Your roommate is not your therapist. While you might be perfectly comfortable relating the terrible things that happened to you in your past, you have no way of knowing if bringing up those topics is going to send your roommate into a bad mental place of her own.
Speaking of stories, one of the bonuses of having a fannish roommate is the live-in beta reader aspect. Before you take advantage of this, though, ask yourself if you can deal with having your heart-wrenching prose red-penned by the person you’re sitting across from at suppertime. Many a fantopia has fallen due to one too many grammar corrections and a cry of “Split THIS infinitive, you tramp!” Don’t let this be you. If you are sensitive about your stories, domestic harmony suggests you ship your work elsewhere for beta.

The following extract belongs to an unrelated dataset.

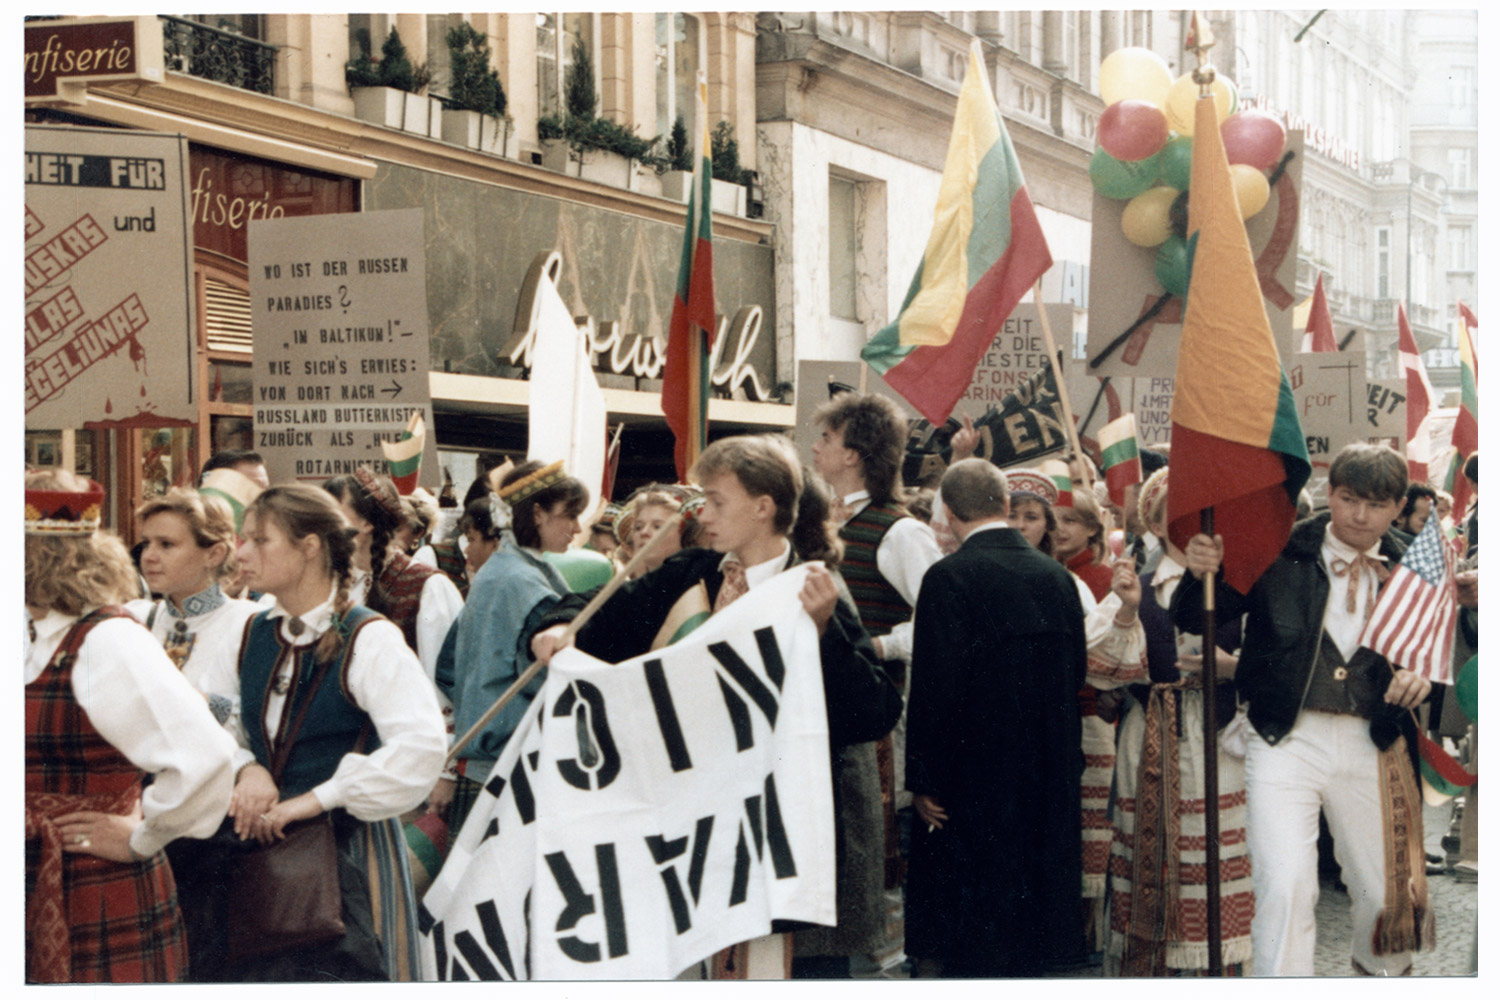 1986 m. Viena, Austrija. Lietuvių, latvių, estų politemigrantų demonstracija už Baltijos valstybių laisvę Vienoje vykstant ESBO konferencijai. LCVA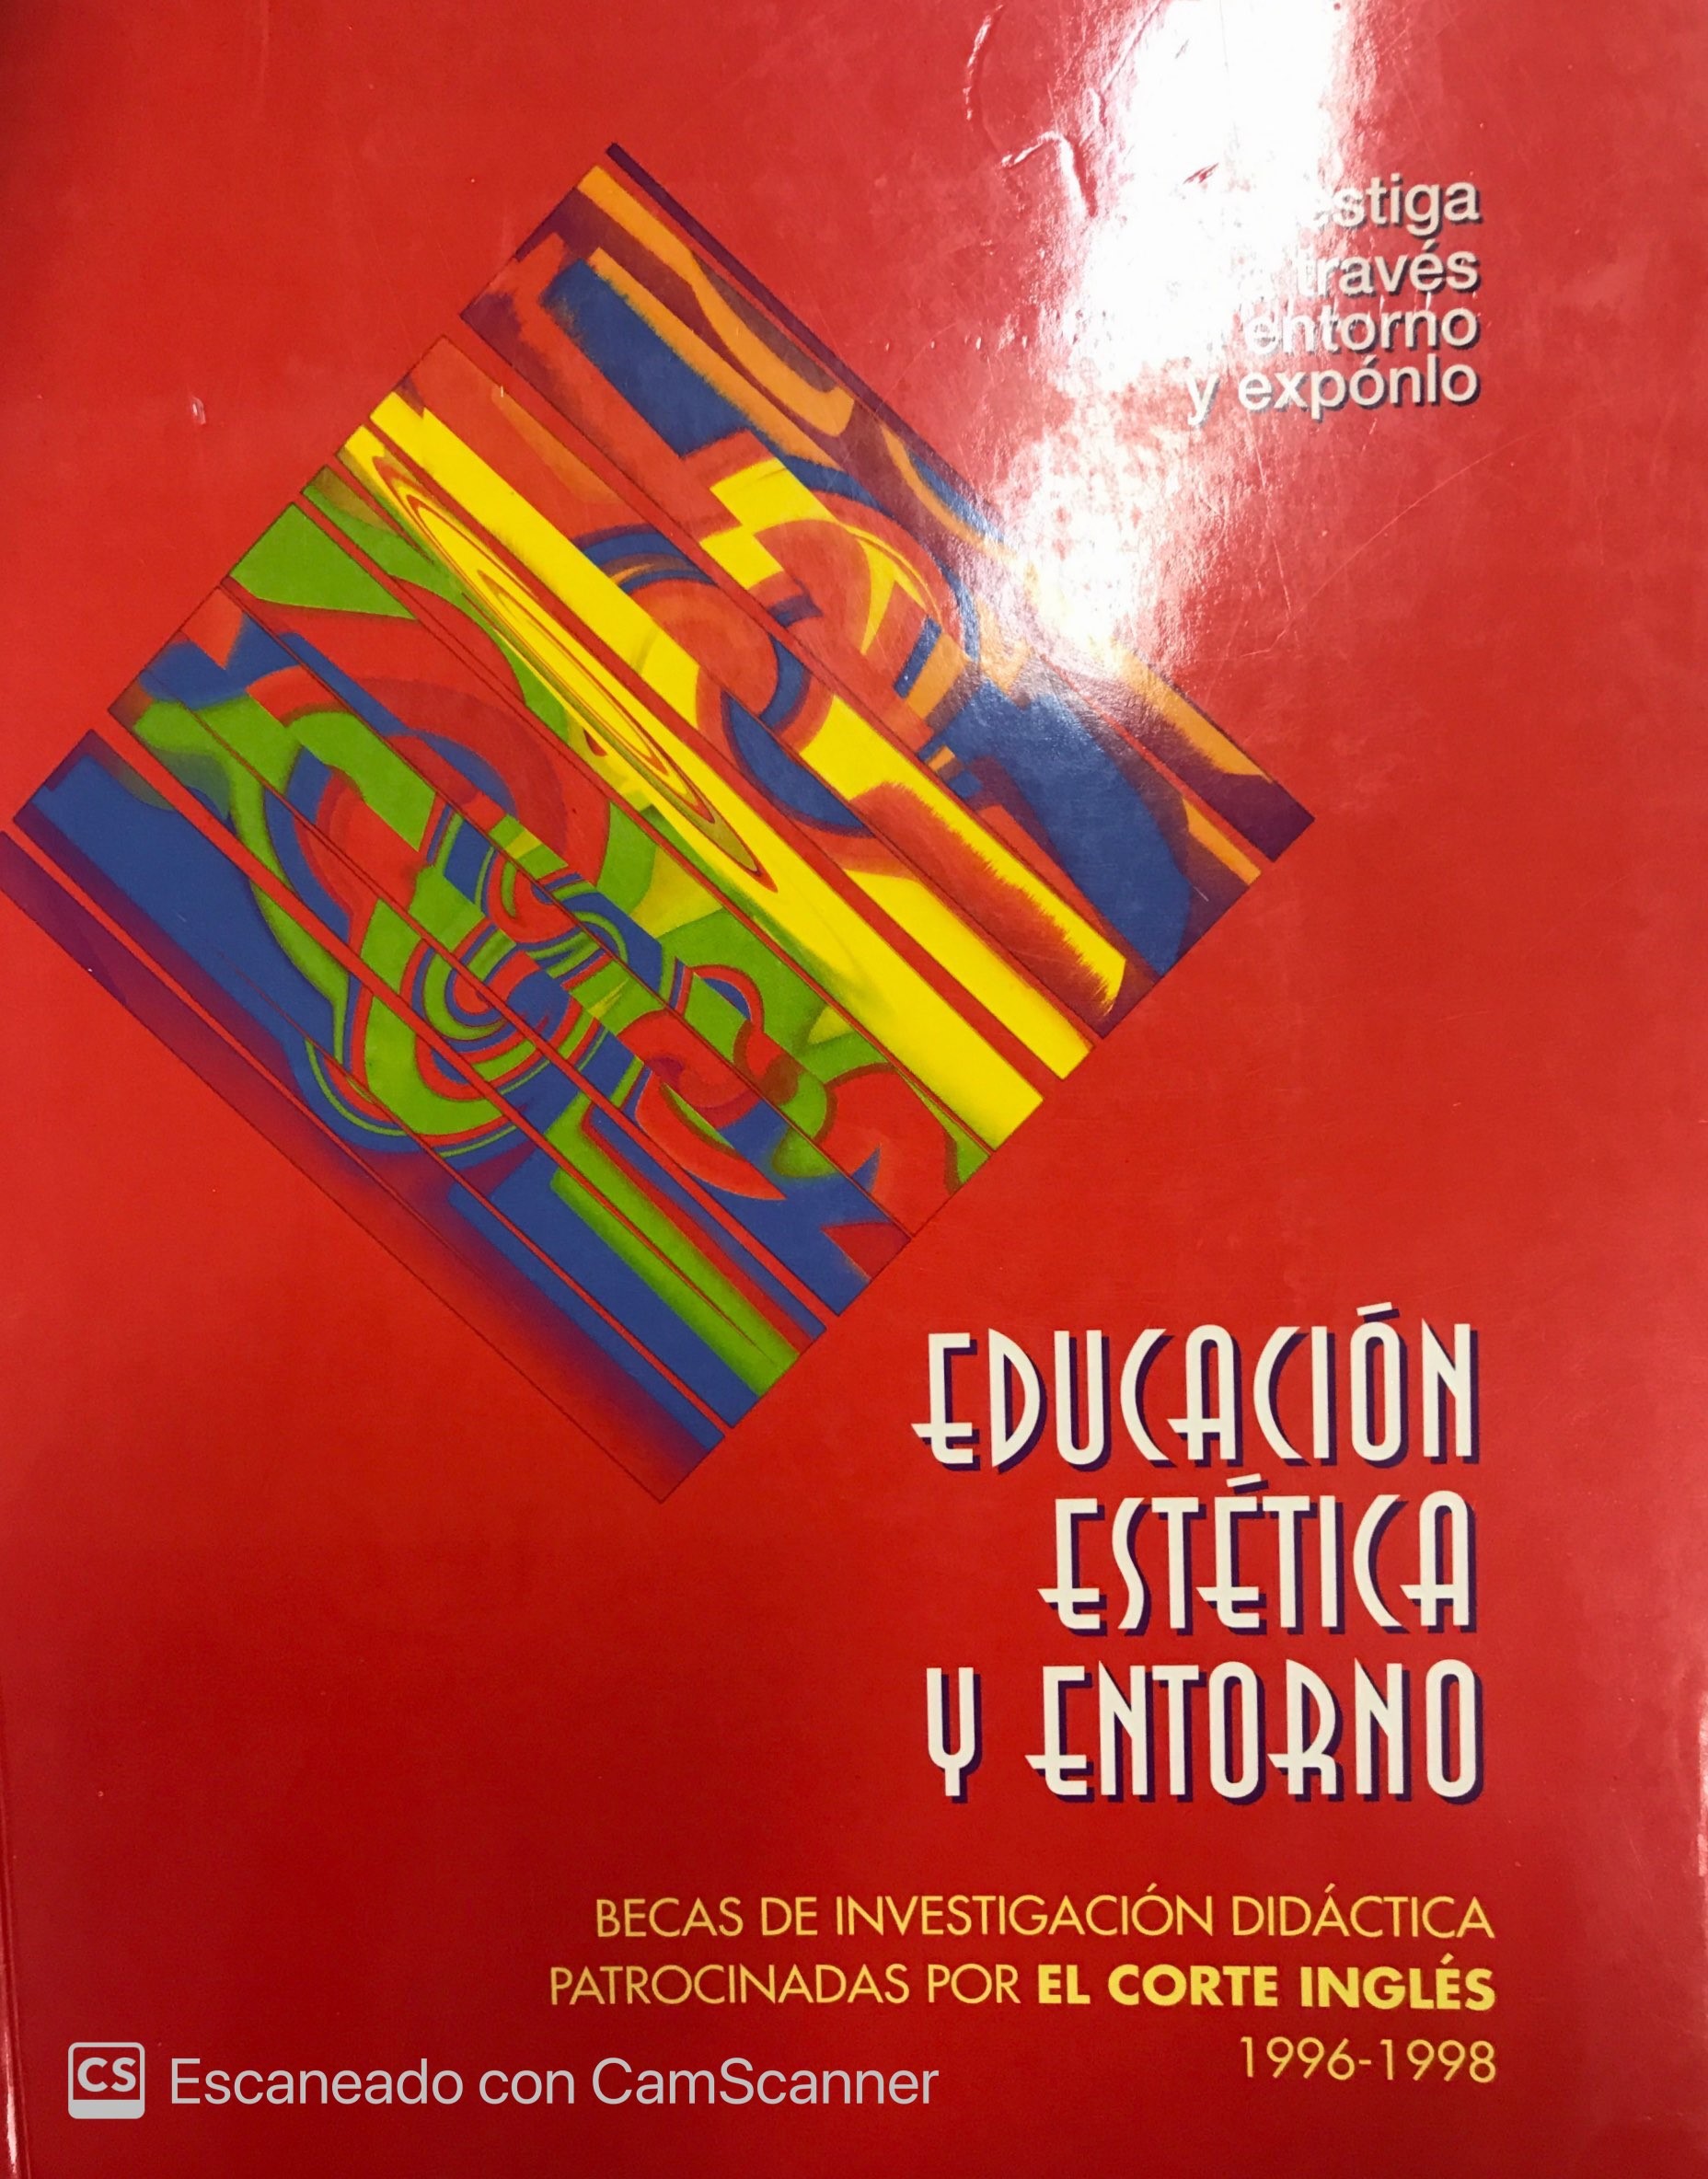 Imagen de portada del libro Educación estética y entorno

This also applies to cowriting. Some roommates can write together. Some can’t. If you don’t know, start small. Do a drabble series together. The epics can wait until you’re sure neither of you will break the lease and run screaming away because Spike should have been the bottom instead of the top.
Your roommate does not exist to entertain you. You do not exist to entertain your roommate. Not every conversation should involve Jack Harkness, as much fun as that might be to try. Even in fantopia, sometimes you just want to talk about the weather.
Headphones. 1. Buy good ones. 2. Use them. More politely, as someone who is fannish, you will have an eclectic, one might even say a unique, taste in music. Be careful how much you share with the people who live in adjoining apartments or houses.
Respect your roommate’s allergies and medication schedule. Again, as someone who is fannish, you have a higher than likely average chance of taking some medication or another on a regular basis, or that the sight of a strawberry will kill you dead. Ditto for your roommate. I once had a roommate with a medical condition that included getting extremely ill if she didn’t get a large amount of sleep. That meant no late-night gatherings at our place, and occasionally tromping upstairs to ask the people above us to pipe down at midnight. Fantopia comes with a high pharmacy bill and odd rules sometimes.
Fantopia seems like a lot of work, I know. You’d think it’s the ideal, and in some ways it really is: better to live with someone who understands the importance of defending your choices in narrative structure than with someone who thinks quoting the William Shatner “Get a life” skit from SNL is the height of humor. It just takes some forethought to get right, and getting it right is worth it. You preserve friendships, you build your fannish cred, and most importantly, you don’t become “Oh … THAT fan …”
But I mean it about cleaning the litterbox.